Fenomena ini kembali muncul pada Pemilihan Umum (Pemilu) 2014, 2019, dan Pilkada DKI Jakarta 2017, dengan dua isu utama yakni politik identitas dan sentimen agama.
Seiring berjalannya waktu, peran buzzer semakin dianggap berbahaya bagi demokrasi.
Penelitian Felicia (2019) menyatakan buzzer dapat membentuk persepsi publik terhadap kandidat politik tertentu melalui hoax dan ujaran kebencian.
Mereka sering mengedepankan percakapan penuh amarah dan menjadi agen penyebar hoax yang dapat memecah belah masyarakat.

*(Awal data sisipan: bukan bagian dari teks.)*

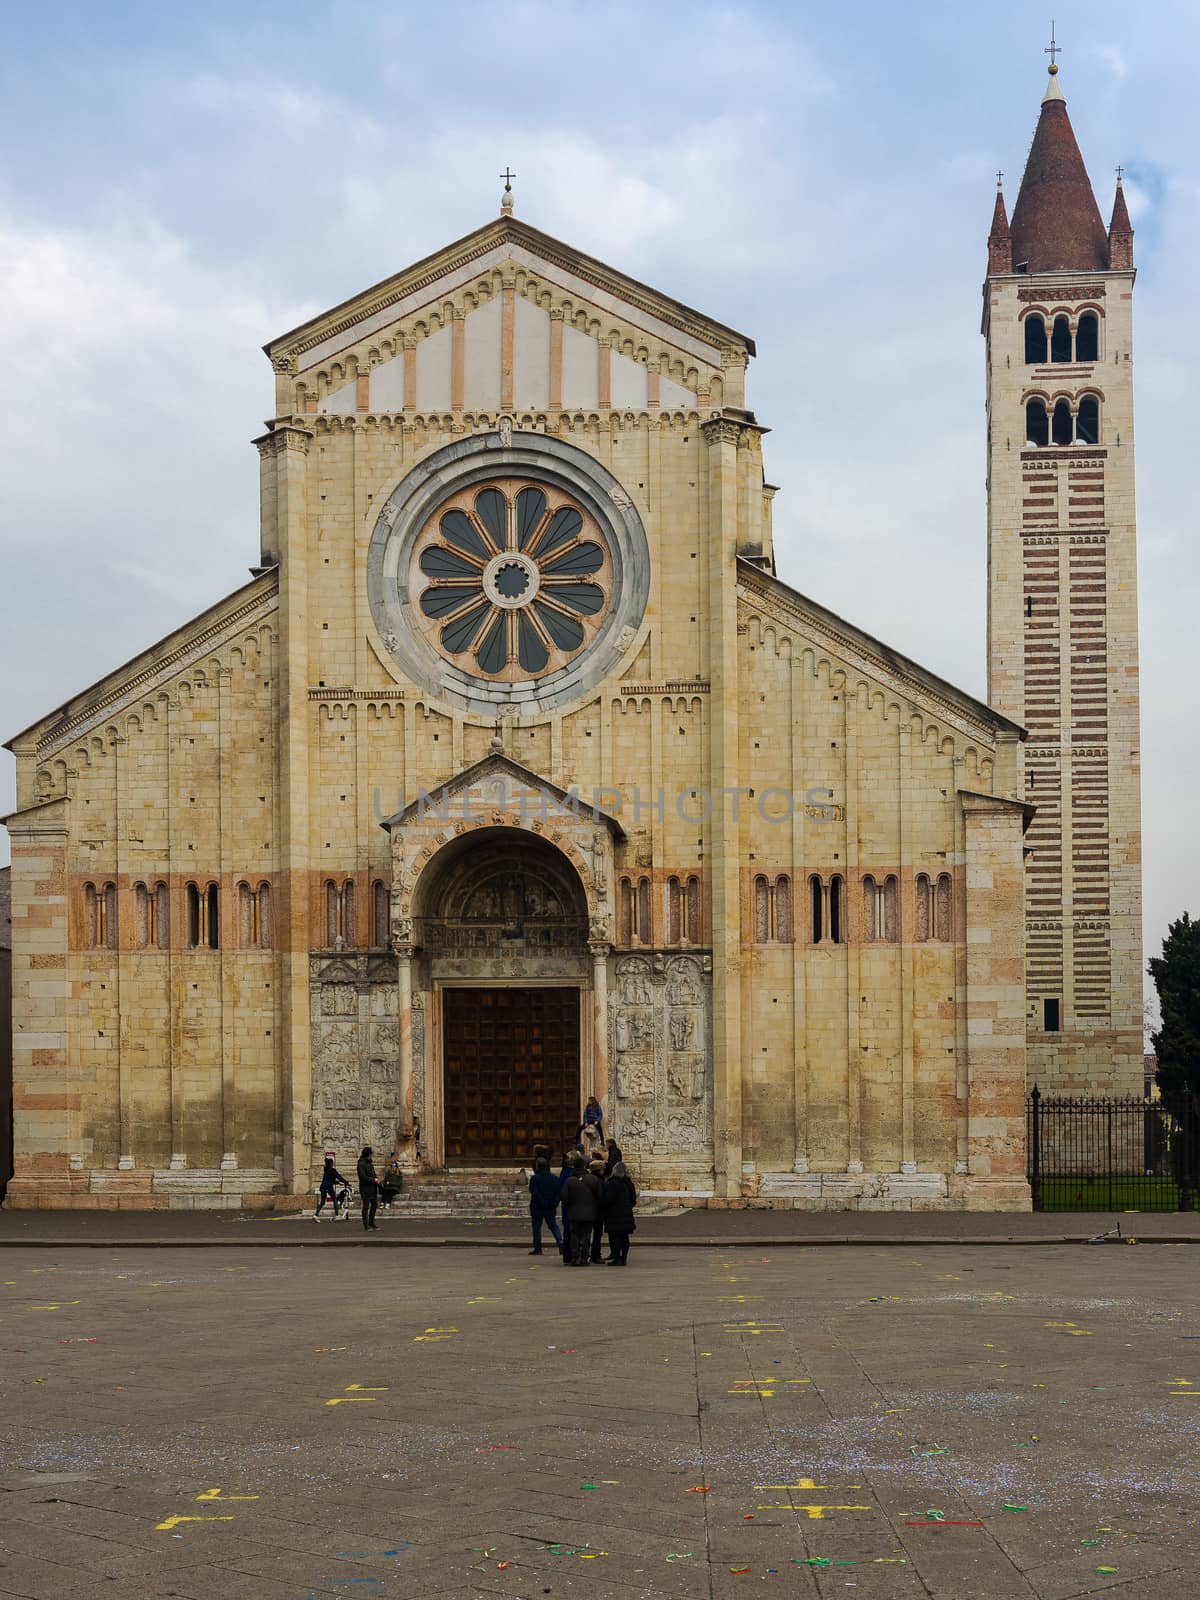 The church of San Zeno, one of the most important of Verona

Selanjutnya, penelitian yang dilakukan Syahputra (2017) mencatat bahwa buzzer di Indonesia lebih mengedepankan ujaran kebencian dan perdebatan yang tidak sehat untuk merusak tatanan sosial dan politik.
Kesimpulannya, peran buzzer dalam media sosial Indonesia telah berubah dari alat pemasaran menjadi senjata politik yang kontroversial.
Dengan pengaruh besar yang mereka miliki, maka publik perlu mengawasi dan mengatur penggunaan buzzer agar tidak merusak proses demokrasi dan memecah belah masyarakat.
Semua pihak harus berupaya memastikan bahwa media sosial digunakan secara positif dan konstruktif dalam kontestasi politik demi menjaga kesehatan demokrasi dan keutuhan sosial.